What is needed: Once the images are set aside, output the listing exactly as it stands.

Supplied material:

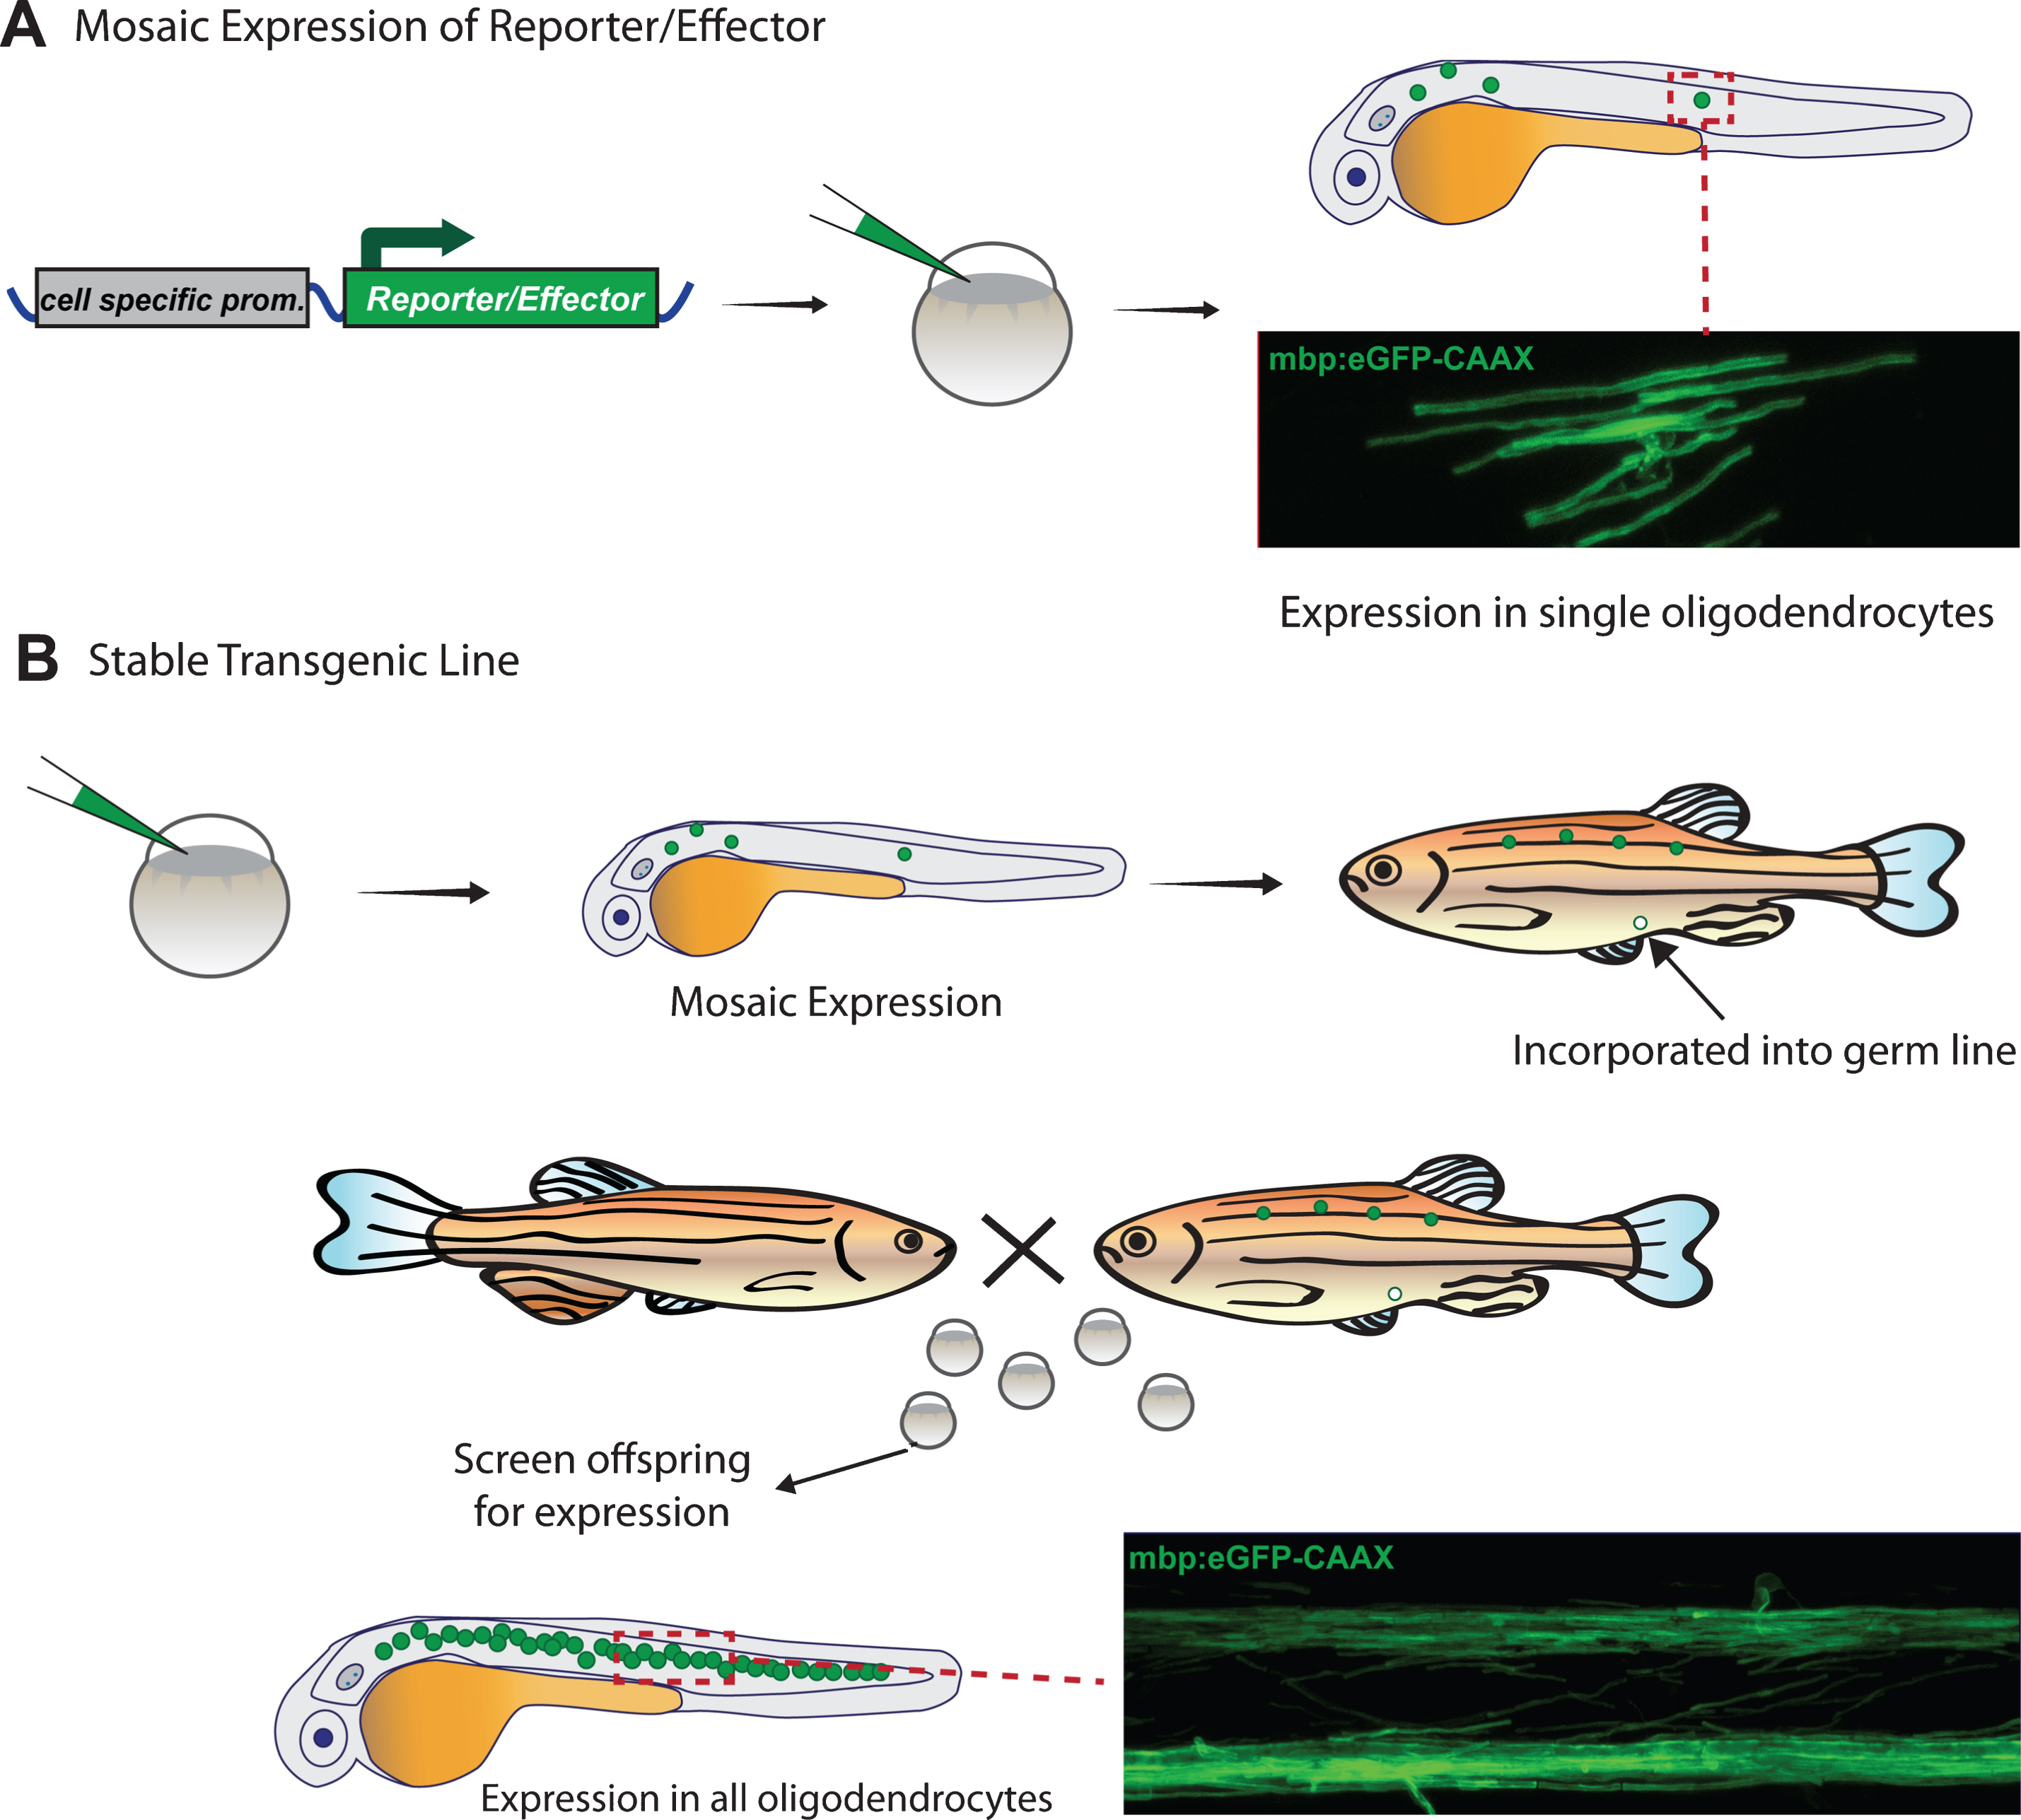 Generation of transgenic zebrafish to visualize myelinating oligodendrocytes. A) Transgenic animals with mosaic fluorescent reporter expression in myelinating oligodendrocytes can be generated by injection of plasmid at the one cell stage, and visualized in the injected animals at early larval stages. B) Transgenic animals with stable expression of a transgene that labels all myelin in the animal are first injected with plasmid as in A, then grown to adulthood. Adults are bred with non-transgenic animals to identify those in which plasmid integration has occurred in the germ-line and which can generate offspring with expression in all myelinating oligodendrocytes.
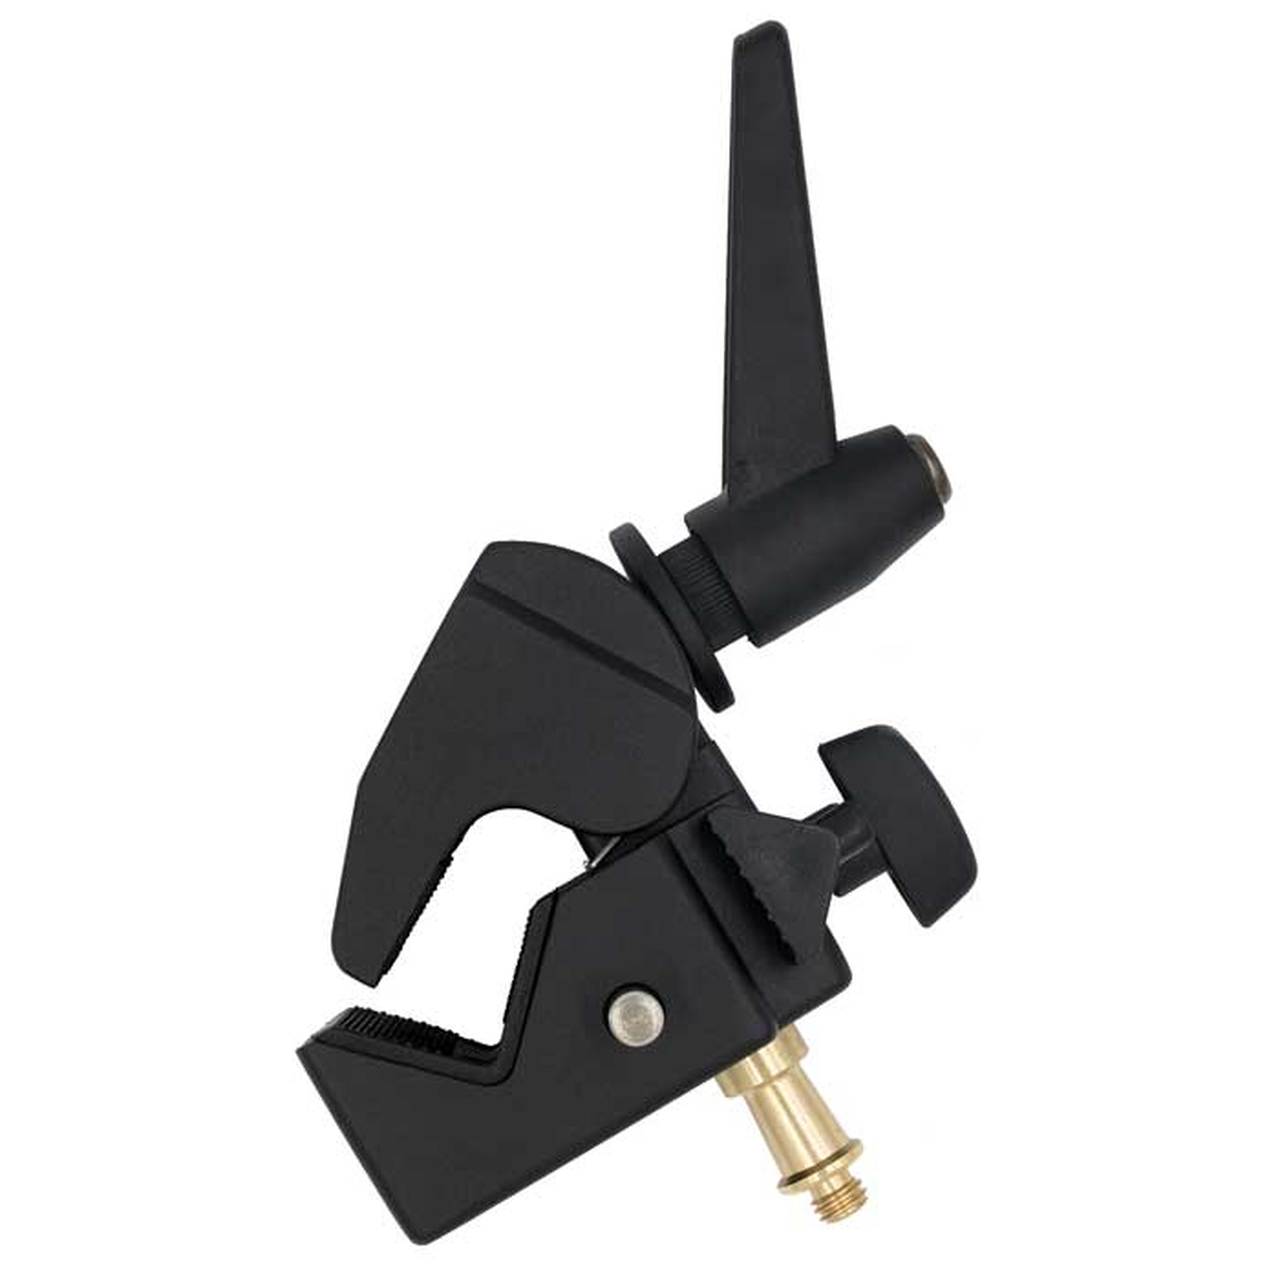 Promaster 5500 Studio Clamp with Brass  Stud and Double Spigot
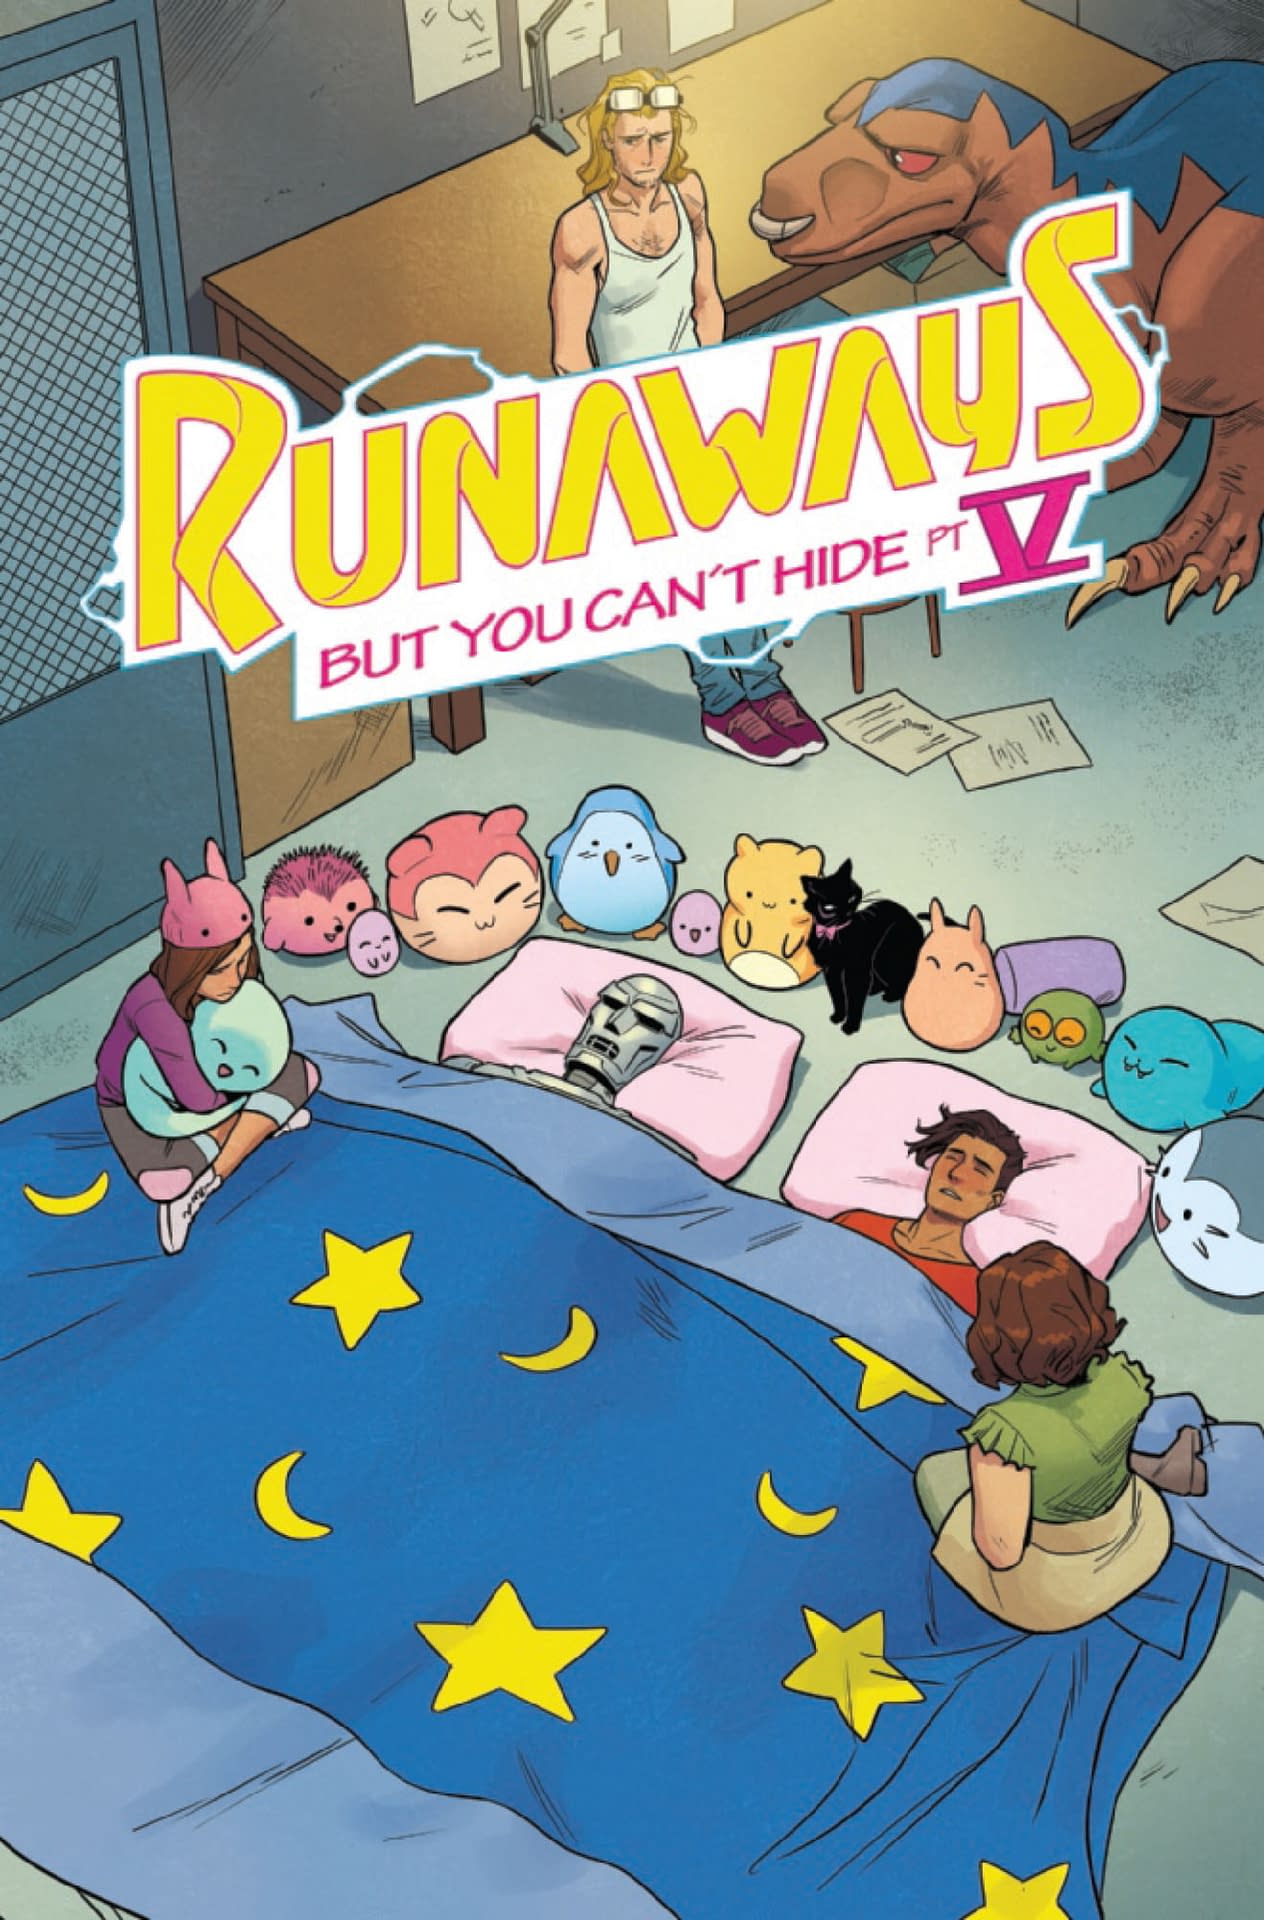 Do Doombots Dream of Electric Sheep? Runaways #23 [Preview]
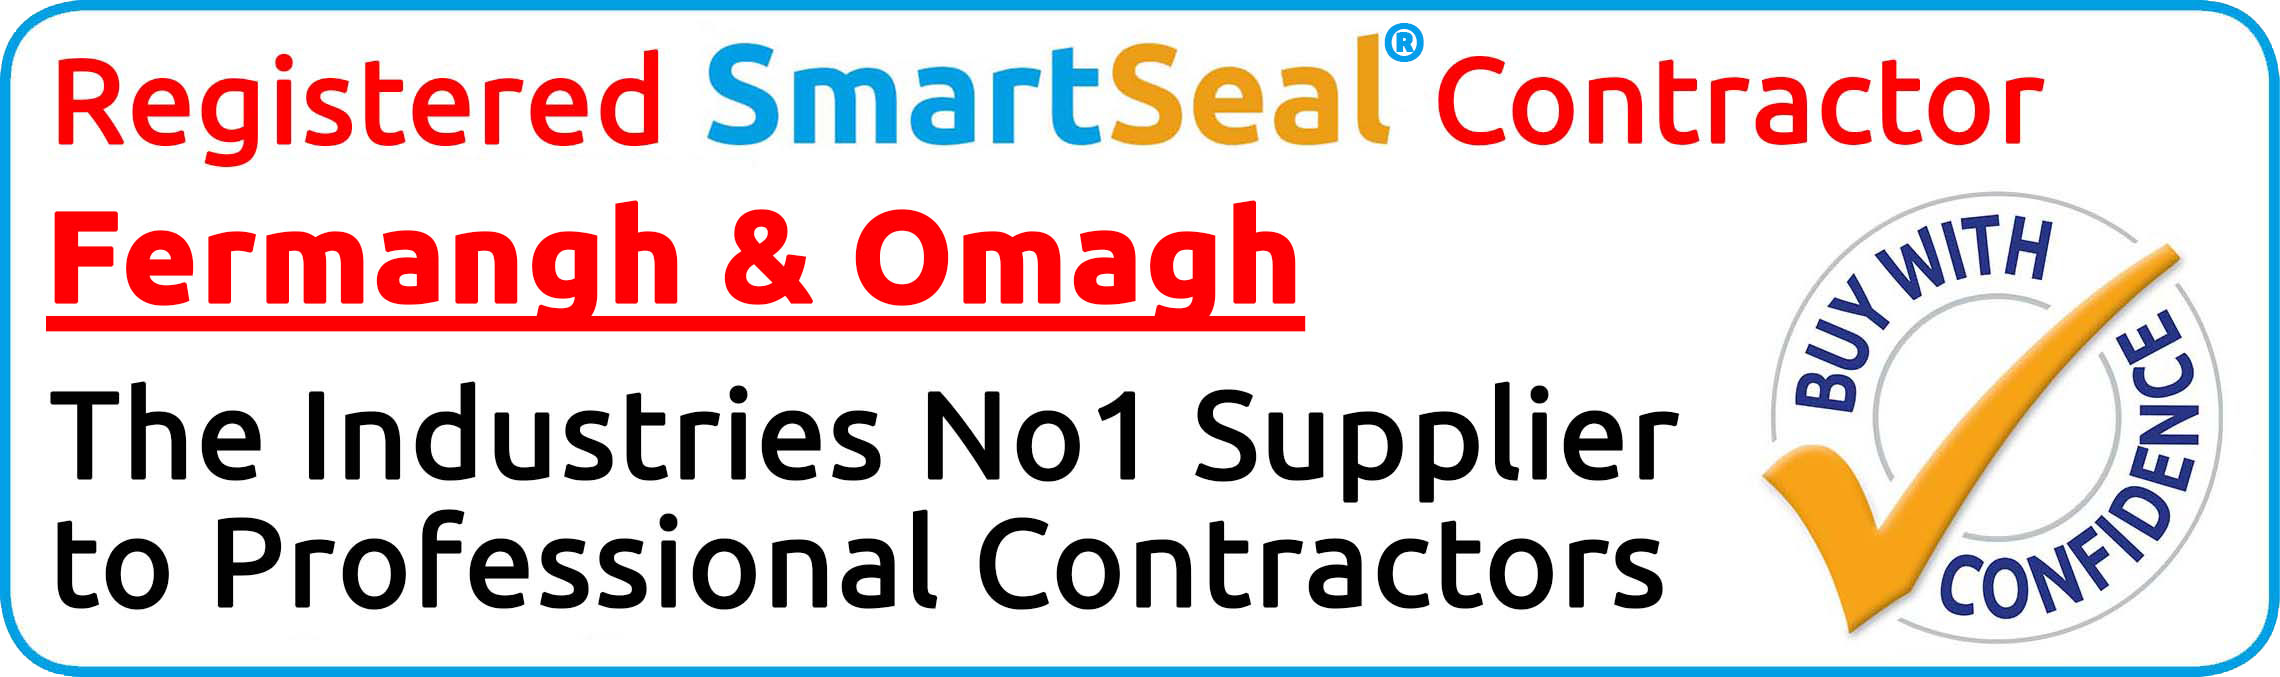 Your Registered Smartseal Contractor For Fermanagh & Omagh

Answer space:
 Generation of transgenic zebrafish to visualize myelinating oligodendrocytes. A) Transgenic animals with mosaic fluorescent reporter expression in myelinating oligodendrocytes can be generated by injection of plasmid at the one cell stage, and visualized in the injected animals at early larval stages. B) Transgenic animals with stable expression of a transgene that labels all myelin in the animal are first injected with plasmid as in A, then grown to adulthood. Adults are bred with non-transgenic animals to identify those in which plasmid integration has occurred in the germ-line and which can generate offspring with expression in all myelinating oligodendrocytes.
 Promaster 5500 Studio Clamp with Brass  Stud and Double Spigot
 Do Doombots Dream of Electric Sheep? Runaways #23 [Preview]
 Your Registered Smartseal Contractor For Fermanagh & Omagh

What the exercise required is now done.